Putting It Together — Prompt Design Workflow
Follow this sequence for every production prompt: (1) Write the baseline zero-shot prompt. (2) Test with 5 representative inputs. (3) Identify failure modes. (4) Add examples or CoT where failures cluster. (5) Wrap in XML structure. (6) Measure again. This iterative approach converges on quality faster than trying to write the perfect prompt on the first attempt.
Step-by-step workflow
- Write the baseline zero-shot prompt. Keep it simple. Describe the task clearly.

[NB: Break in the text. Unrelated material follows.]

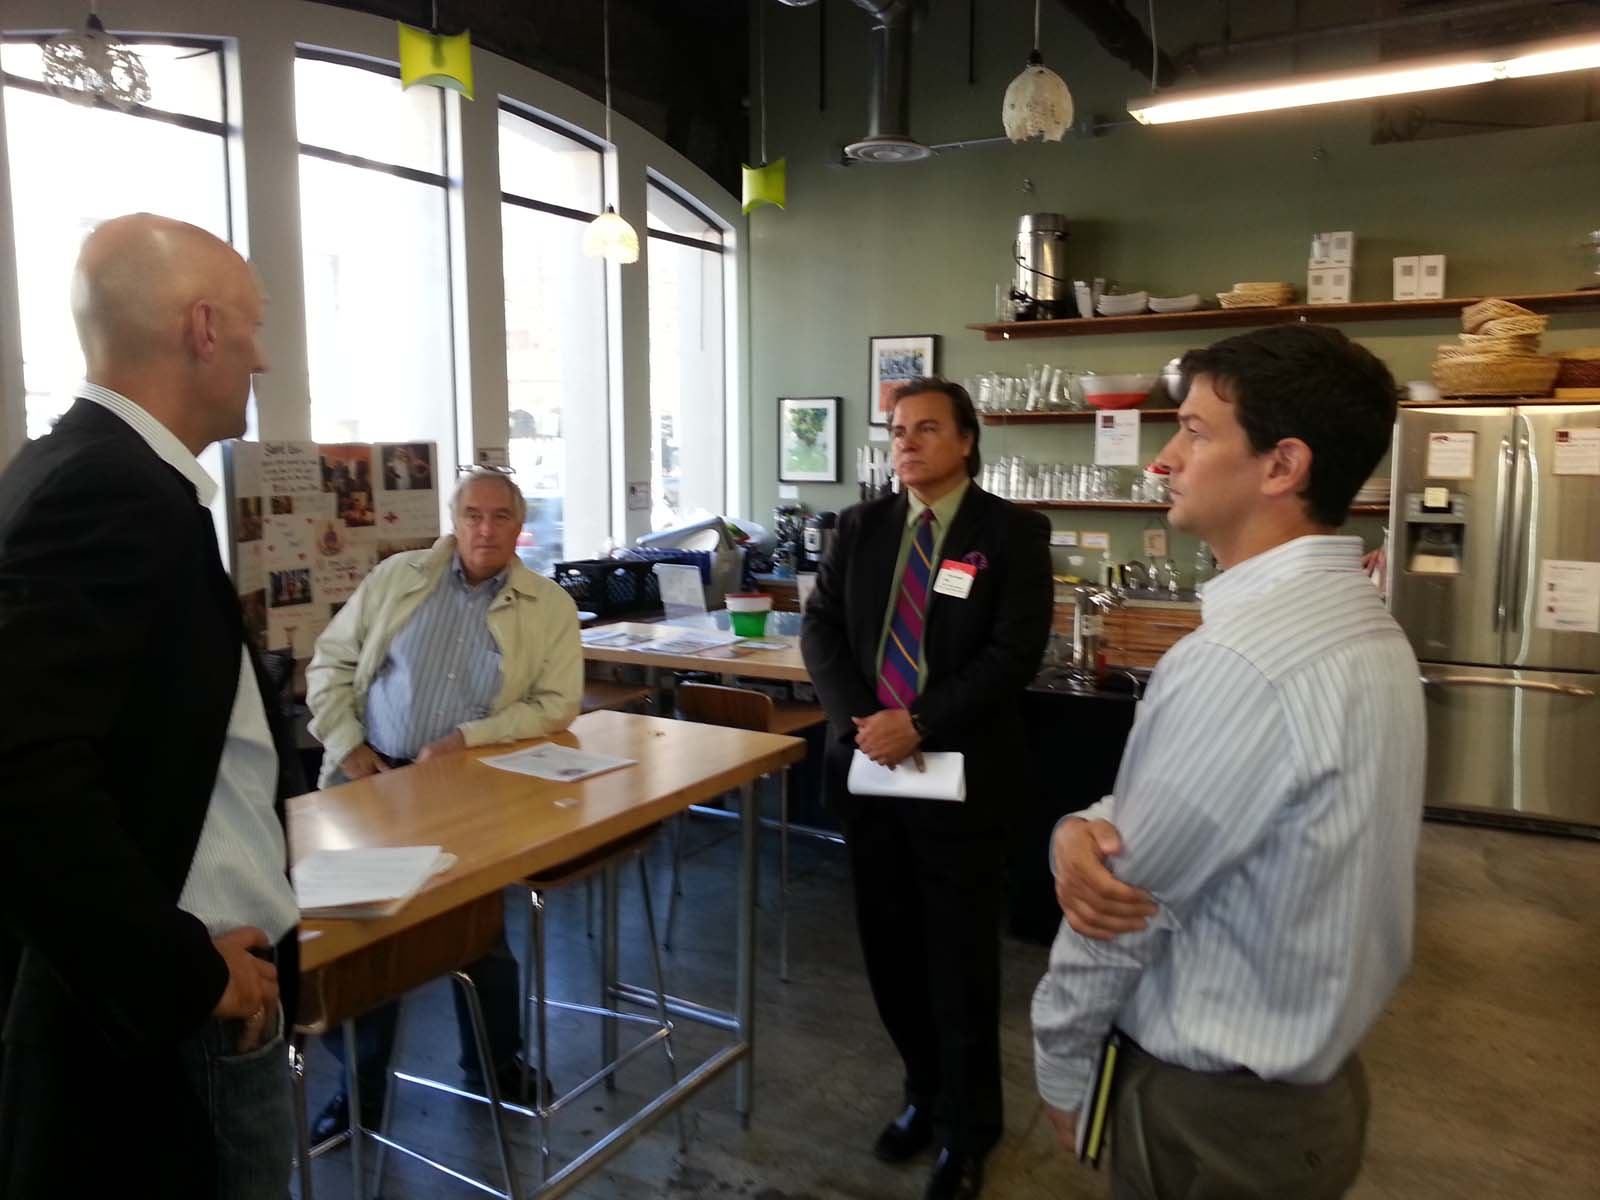 HUB Kitchen - Greg Delaune, David Holley, Chris Zapata, Jeff Kay

- Test with 5 representative inputs. Include at least one edge case and one adversarial input.
- Identify failure modes. Where does the model get it wrong? Does it misclassify edge cases? Produce the wrong format? Hallucinate?
- Add targeted improvements. If edge cases fail, add few-shot examples covering those cases. If reasoning is wrong, add CoT. If format is inconsistent, add XML output tags.
- Wrap in XML structure. Separate context, instructions, examples, and format into tagged sections.
- Measure again. Run the improved prompt against a larger test set (20–50 inputs). Compare accuracy before and after.
// The workflow in code
async function developPrompt(task: string, testInputs: string[]) {
// Step 1: Baseline
let systemPrompt = `${task}`;
let results = await runTests(systemPrompt, testInputs);
console.log("Baseline accuracy:", results.accuracy);
// Step 3: Identify failures
const failures = results.cases.filter((c) => !c.correct);
console.log("Failure patterns:", failures.map((f) => f.input));
// Step 4: Add few-shot examples targeting failures
systemPrompt = `${task}
<examples>
${failures.map((f) => `Input: "${f.input}" -> ${f.expectedOutput}`).join("\n")}
</examples>`;
// Step 6: Re-measure
results = await runTests(systemPrompt, testInputs);
console.log("After examples:", results.accuracy);
}
Run a support ticket classification task using three different techniques and compare their accuracy.
- Define 10 test tickets covering billing, technical, and account categories. Include 3 edge cases that could belong to multiple categories.
- Run zero-shot: Use a simple "Classify as billing, technical, or account" prompt. Record accuracy.
- Run few-shot: Add 5 examples (including 2 edge cases). Record accuracy. Note which previously-failed cases now succeed.
- Run CoT: Add "Think step by step about which category best fits before answering." Record accuracy.
- Compare: Which technique handles edge cases best? Which is most token-efficient? Write down which technique you would use in production and why.